You usually don't expect your villains to actually twirl their mustaches and perform their evil tasks in the most obviously hateful way possible, and yet that's exactly what's happened here. The only reason his administration hasn't been worse for Toronto is because he's so awful about forming any sort of consensus that he can't get huge parts of his agenda through, like massive spending cuts to nearly all city services (though many city departments had to cut their budgets by roughly 10% nonetheless) and a waterfront plan so buffoonish it would've been comical had it not also threatened to derail a carefully worked-out plan, funded and supported by all three levels of government for years and supported by the various waterfront communities.

But mustache-twirling evil is obviously dangerous in its own way, too. Rob Ford an his allies on the TTC board took the only avenue of retaliation open to them, not for any apparent political gain or because it'll suddenly make their "subway" plan a reality again (though maybe that's what they're hoping). It seems like they didn't because there was no way they couldn't fire Karen Stintz, the TTC chair they installed and expected to kowtow to their demands, without the support of council. But council can't do anything about Webster, and so Webster gets the boot--$500k richer, and with his reputation untouched. Toronto, on the other hand, has sent a message to civil servants anywhere: anyone with an independent spirit and a devotion to doing the right thing, as opposed to whatever the mayor wants, is persona non grata where this administration is concerned.

Funny that people aren't looking at contractors who would build the subway, or developers who bought up parcels along the route as the ultimate source of all this, but are blaming stupidity-- rather than cupidity-- on the part of their politicians, instead.

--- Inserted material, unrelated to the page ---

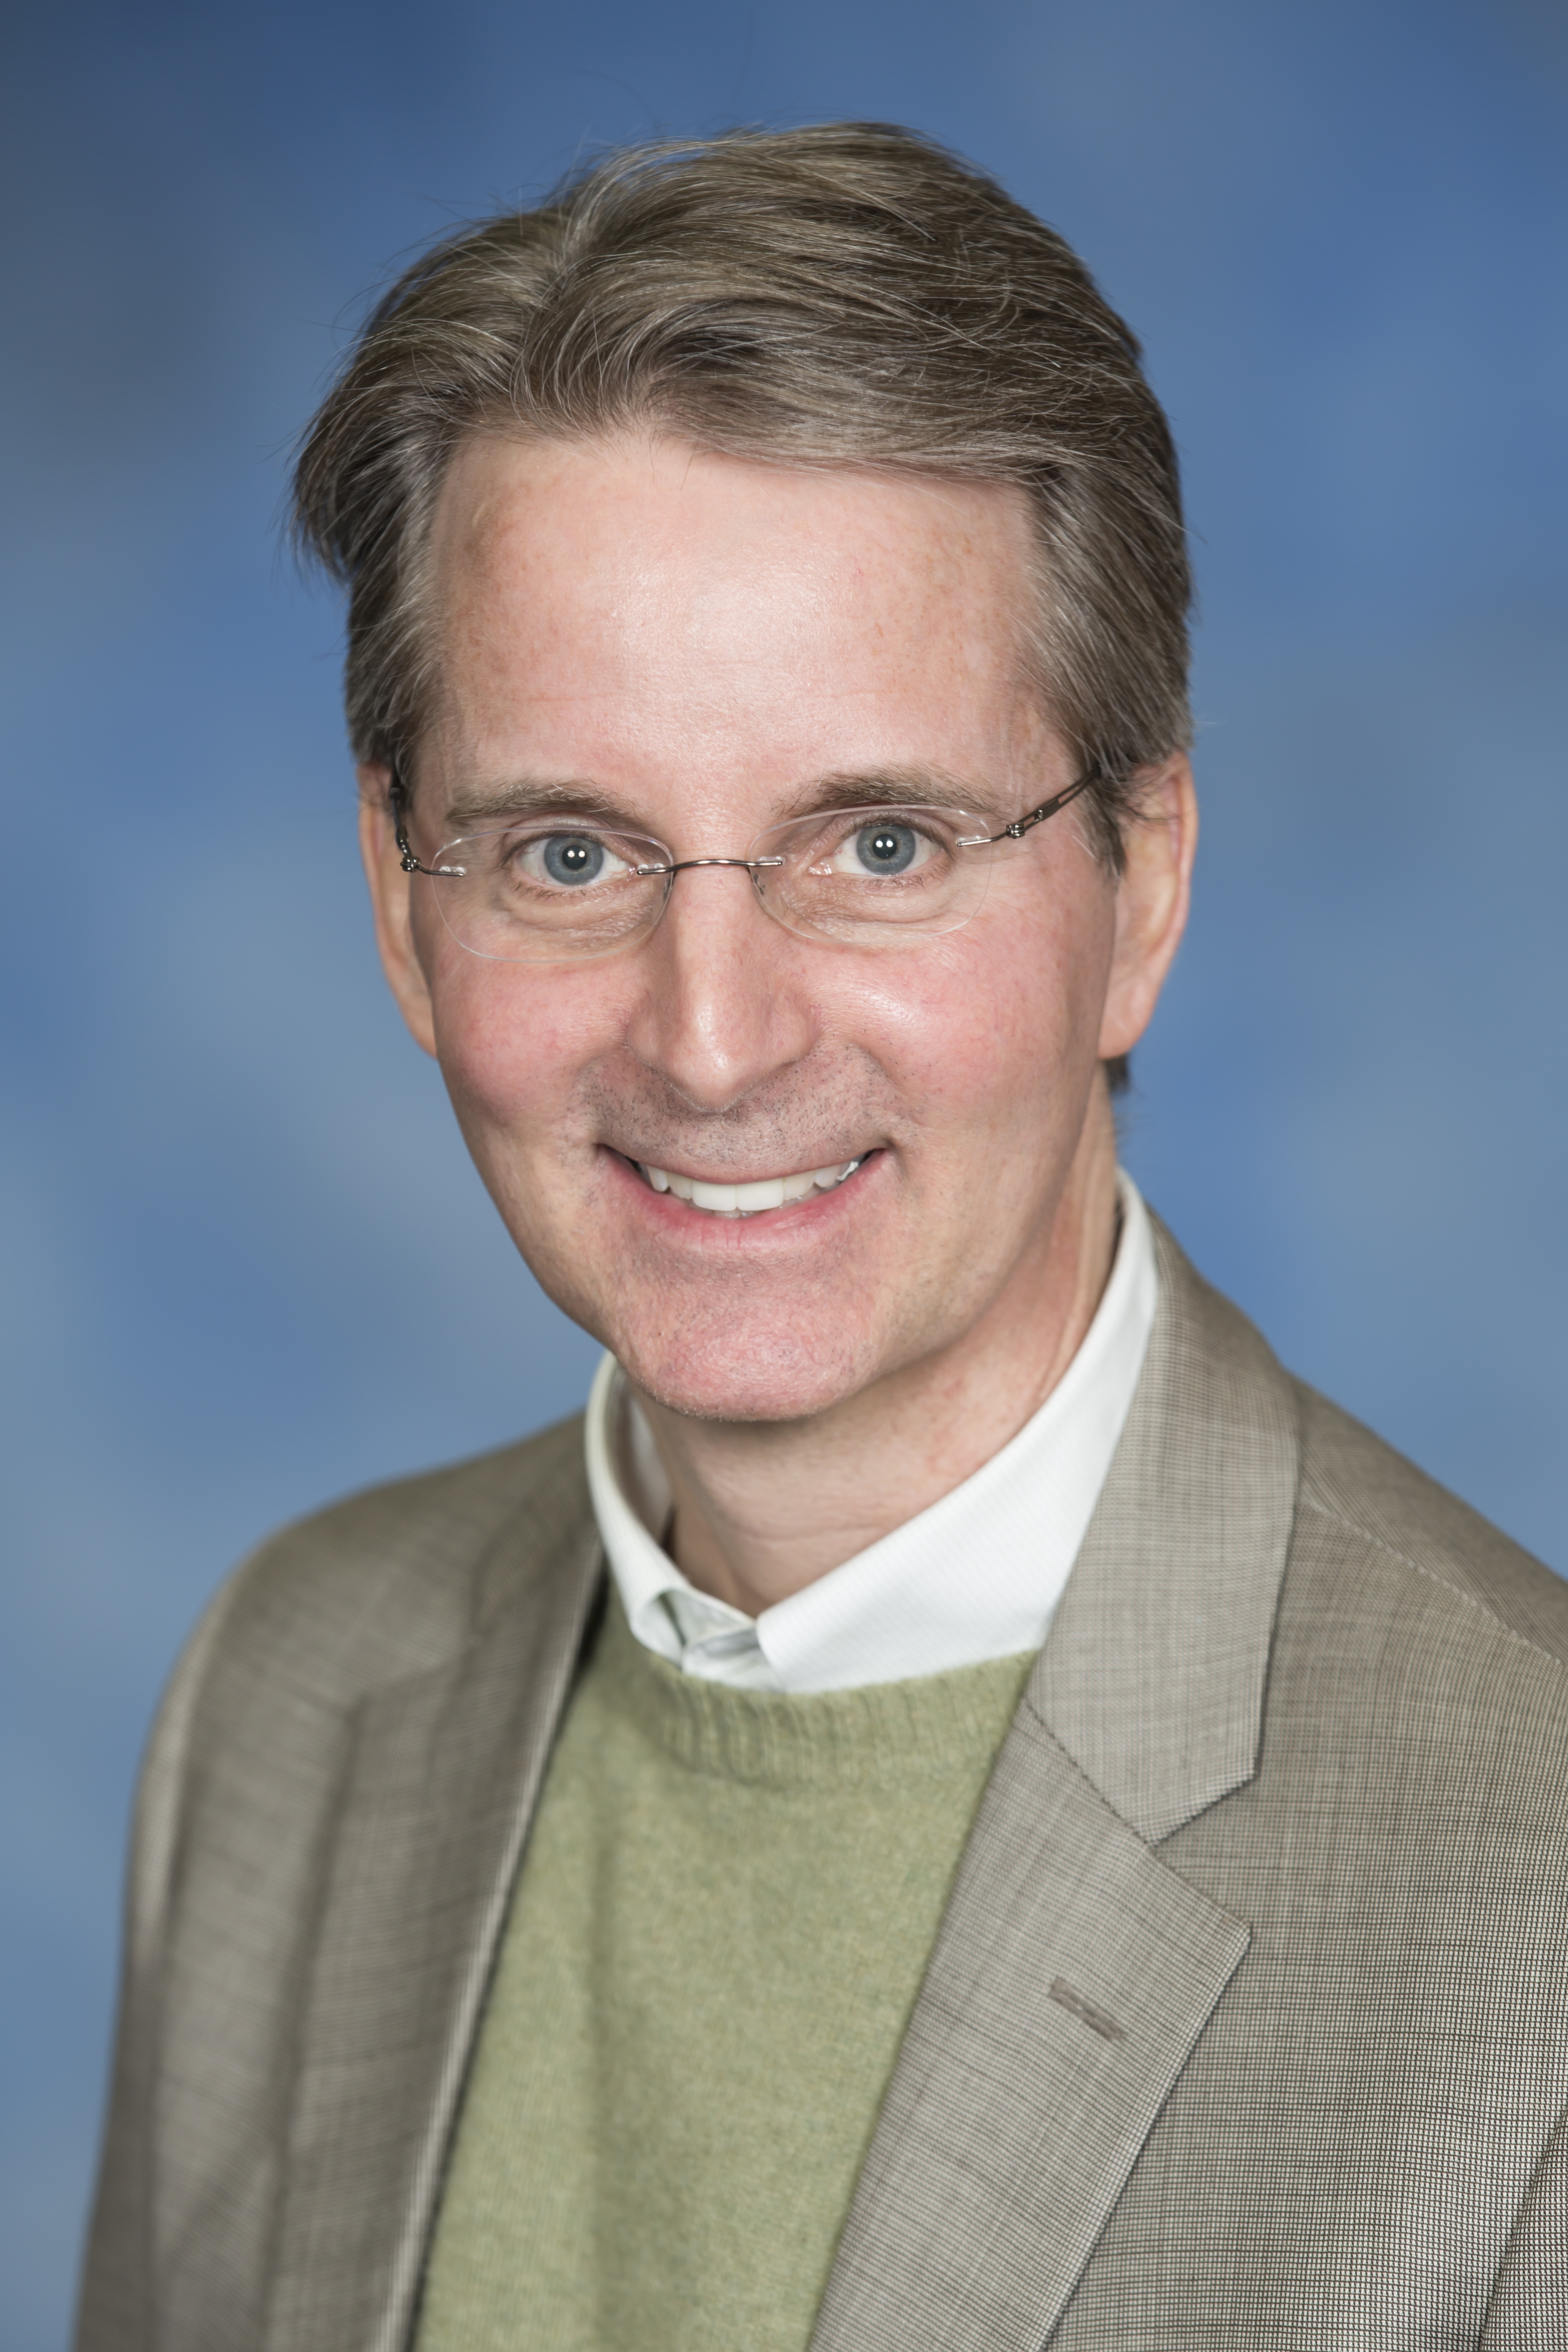 Joseph Gredler

Except years of building subways to far-flung areas of the city show that the idea of "build it and they will come" doesn't actually work. In a TTC report that was squelched by Rob Ford, the expected development that would bring jobs and housing to Sheppard never materialized. Downsview is still largely a wasteland. And if the Spadina extension to Vaughan turns the interchange/parking lot complex of Highways 400 and 7 into a bustling urban centre, I'll eat my hat. And then yours. And then all the hats in existence.

So the developers who would love to build on land made more desirable because there's a subway underneath? They've had plenty of chances already, and where are they? Not building very much, apparently.
posted by chrominance at 5:14 PM on February 21, 2012 [10 favorites]


Torontoist’s Hamutal Dotan, via this excellent blog post at Ford for Toronto: "Rob Ford either doesn’t understand the basic principles of good governance, or he doesn’t care to be guided by them." (via Margaret Atwood for mayor of Toronto)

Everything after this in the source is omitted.